A population threshold for dedicated teaching.

Proceedings of the National Academy of Sciences of the United States of America·2026
Same author

Individual incentives that promote collective intelligence.

Proceedings of the National Academy of Sciences of the United States of America·2025
Same author

The war of the worldviews.

Proceedings of the National Academy of Sciences of the United States of America·2025
Same author

Institutions of public judgment established by social contract and taxation.

Proceedings of the National Academy of Sciences of the United States of America·2025
Same journal

An effort recalibration framework for digital media use and cognition.

Nature human behaviour·2026
Same journal

Interoception in self-harm and suicide: a scoping review and meta-analysis.

Nature human behaviour·2026
Same journal

Trusting the body and self-harm.

Nature human behaviour·2026
Same journal

Building capacity for unity in diversity.

Nature human behaviour·2026
Same journal

Secondhand smoke exposure and human health: an umbrella review.

Nature human behaviour·2026
Same journal

Genome-wide association studies of infant and toddler temperament in European and multi-ancestry populations.

Nature human behaviour·2026
See all related articles

Related Experiment Video

Updated: Sep 21, 2025

Daily Transfers, Archiving Populations, and Measuring Fitness in the Long-Term Evolution Experiment with Escherichia coli
15:00

Daily Transfers, Archiving Populations, and Measuring Fitness in the Long-Term Evolution Experiment with Escherichia coli

Published on: August 18, 2023

3.5K

Measuring frequency-dependent selection in culture.

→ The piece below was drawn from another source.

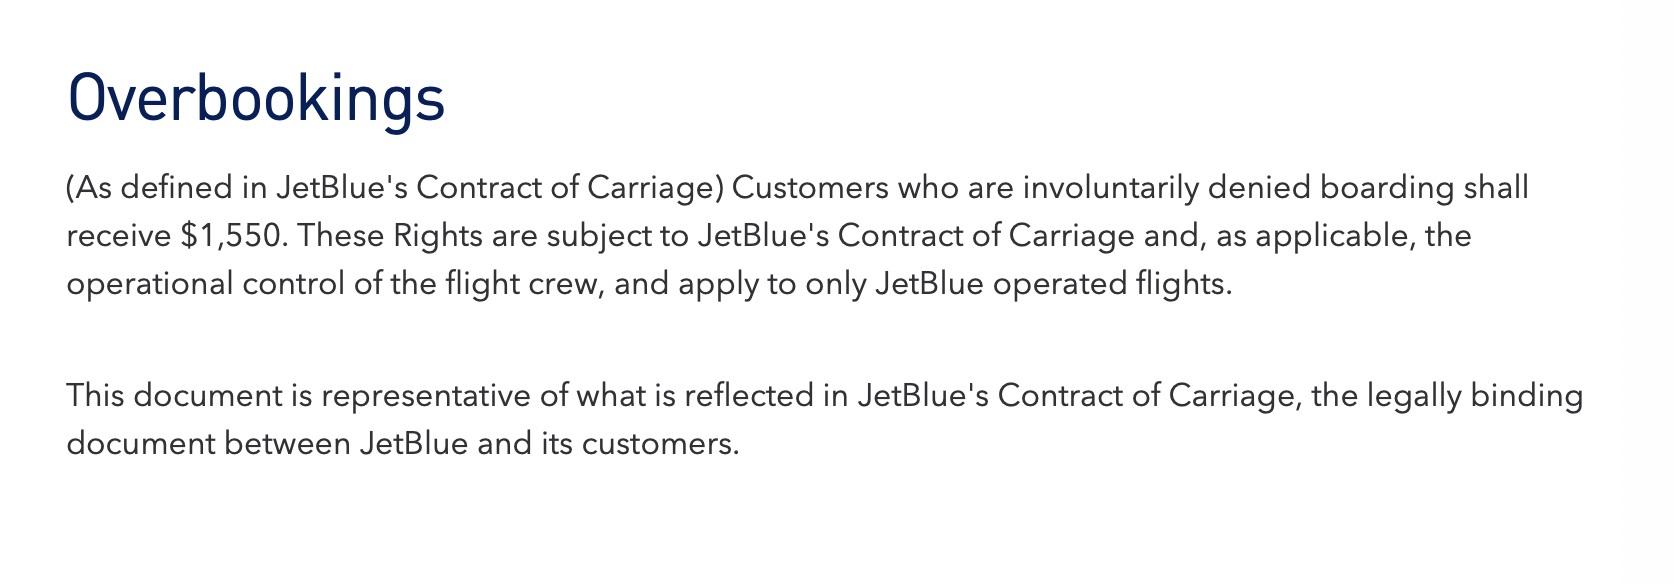 JetBlue обещает пассажиру, который не попал на рейс из⁠-⁠за овербукинга, 1550 $
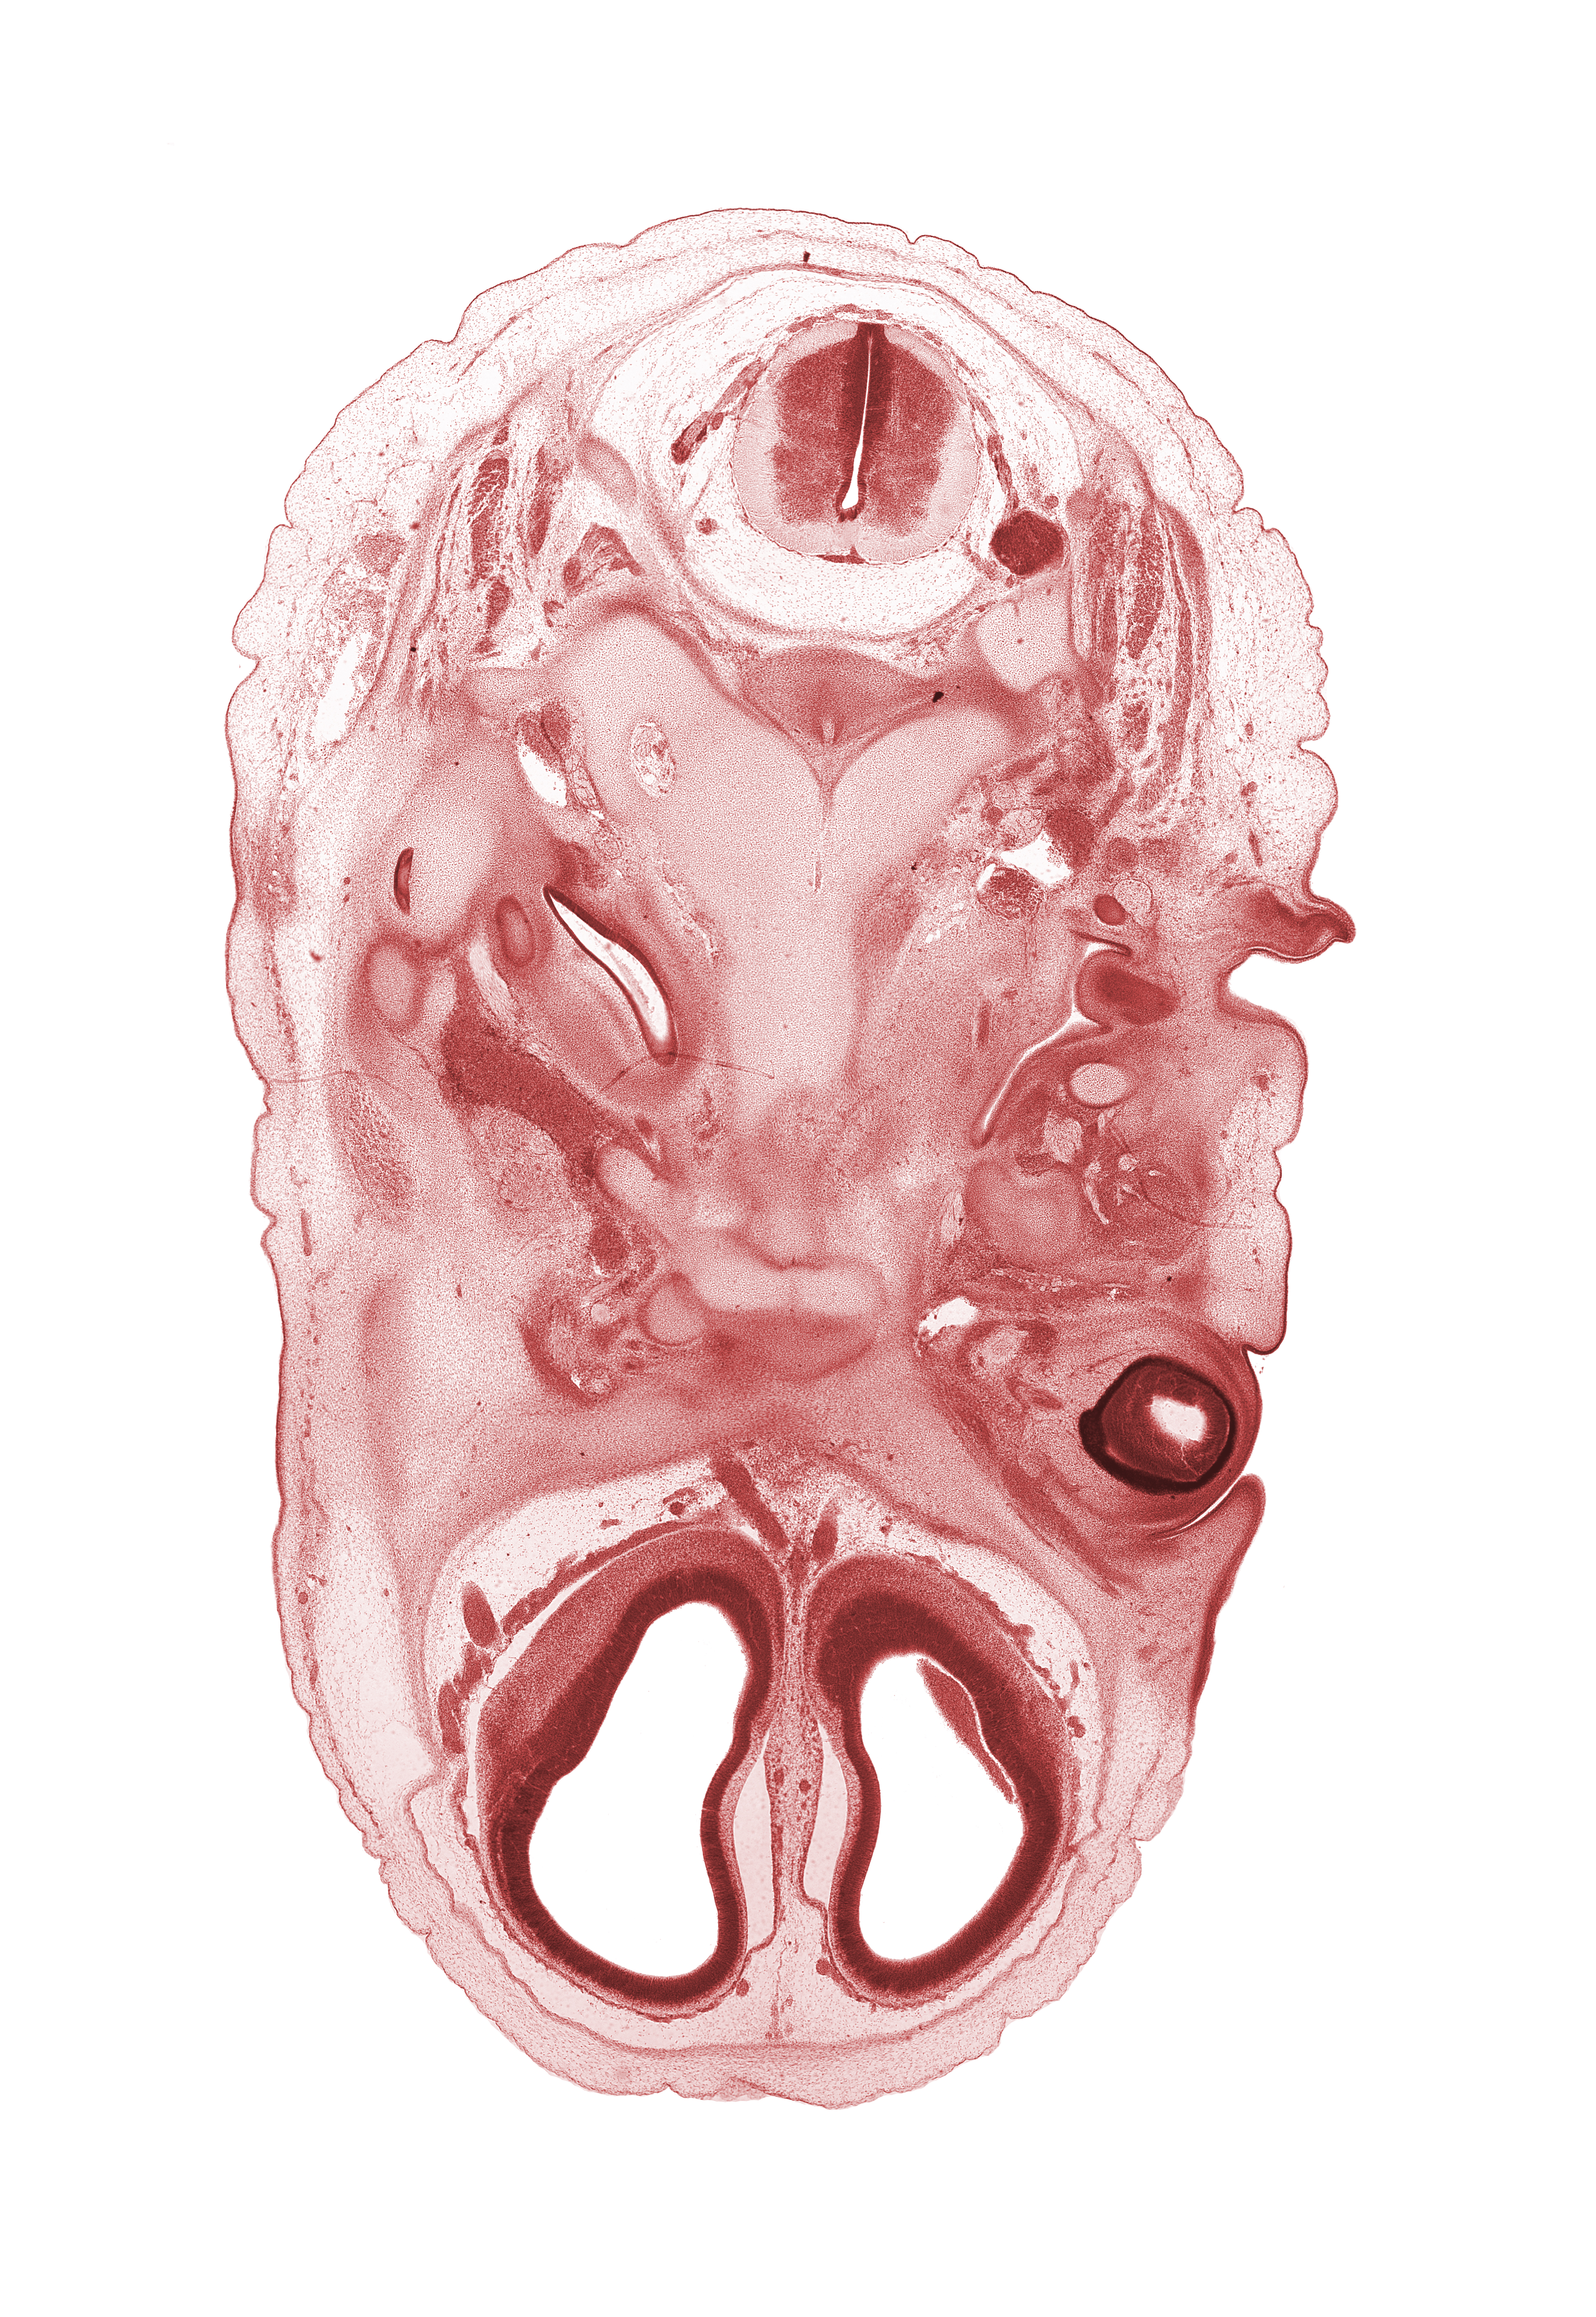 C-2 spinal ganglion, accessory nerve (CN XI), anterior cerebral artery, artifact separation(s), basi-occipital (basal plate), basisphenoid, cochlear duct, external acoustic meatus, facial nerve (CN VII), falx cerebri region, hypoglossal canal, hypoglossal nerve (CN XII), inferior ganglion of glossopharyngeal nerve (CN IX), intermediate zone, internal jugular vein, malleus cartilage, marginal zone, maxillary nerve (CN V₂), optic nerve (CN II), pharyngotympanic tube, spinal accessory nerve (CN XI), subarachnoid space, vagus nerve (CN X), ventricular zone

Mitchell G Newberry1,2, Joshua B Plotkin3

  • 1Center for the Study of Complex Systems, University of Michigan, Ann Arbor, MI, USA. mgnew@umich.edu.

Nature Human Behaviour
|May 31, 2022
PubMed
Summary
This summary is machine-generated.

Cultural traits like baby names and dog breeds are shaped by frequency-dependent selection. This study quantifies how social pressures to conform or be unique influence cultural evolution.

More Related Videos

The Use of Chemostats in Microbial Systems Biology
13:19

The Use of Chemostats in Microbial Systems Biology

Published on: October 14, 2013

31.1K
Measuring Microbial Mutation Rates with the Fluctuation Assay
07:44

Measuring Microbial Mutation Rates with the Fluctuation Assay

Published on: November 28, 2019

23.9K

Related Experiment Videos

Last Updated: Sep 21, 2025

Daily Transfers, Archiving Populations, and Measuring Fitness in the Long-Term Evolution Experiment with Escherichia coli
15:00

Daily Transfers, Archiving Populations, and Measuring Fitness in the Long-Term Evolution Experiment with Escherichia coli

Published on: August 18, 2023

3.5K
The Use of Chemostats in Microbial Systems Biology
13:19

The Use of Chemostats in Microbial Systems Biology

Published on: October 14, 2013

31.1K
Measuring Microbial Mutation Rates with the Fluctuation Assay
07:44

Measuring Microbial Mutation Rates with the Fluctuation Assay

Published on: November 28, 2019

23.9K

Area of Science:

  • Evolutionary dynamics
  • Cultural evolution
  • Quantitative social science

Background:

  • The frequency of a cultural trait can influence its adoption and spread.
  • Understanding frequency-dependent selection is key to explaining cultural diversity patterns.

Purpose of the Study:

  • To develop and apply a maximum-likelihood method for measuring frequency-dependent selection from time series data.
  • To analyze the influence of social pressures on cultural traits using baby names and dog breed preferences.

Main Methods:

  • Maximum-likelihood estimation applied to time series data.
  • Analysis of cultural trait frequencies over the past century.
  • Cross-cultural replication of findings in the US, France, Norway, and the Netherlands.

Main Results:

  • Negative frequency dependence explains diversity patterns in baby names across multiple countries.
  • Differential innovation rates influence male versus female name trends.
  • Biblical names exhibit a consistent selective advantage, explaining their prevalence.
  • Novelty preference drives boom-bust fads in dog breed popularity.

Conclusions:

  • Frequency-dependent selection is a significant driver of cultural evolution.
  • Social pressures to conform and differentiate shape cultural landscapes.
  • The developed method provides a quantitative framework for studying cultural dynamics.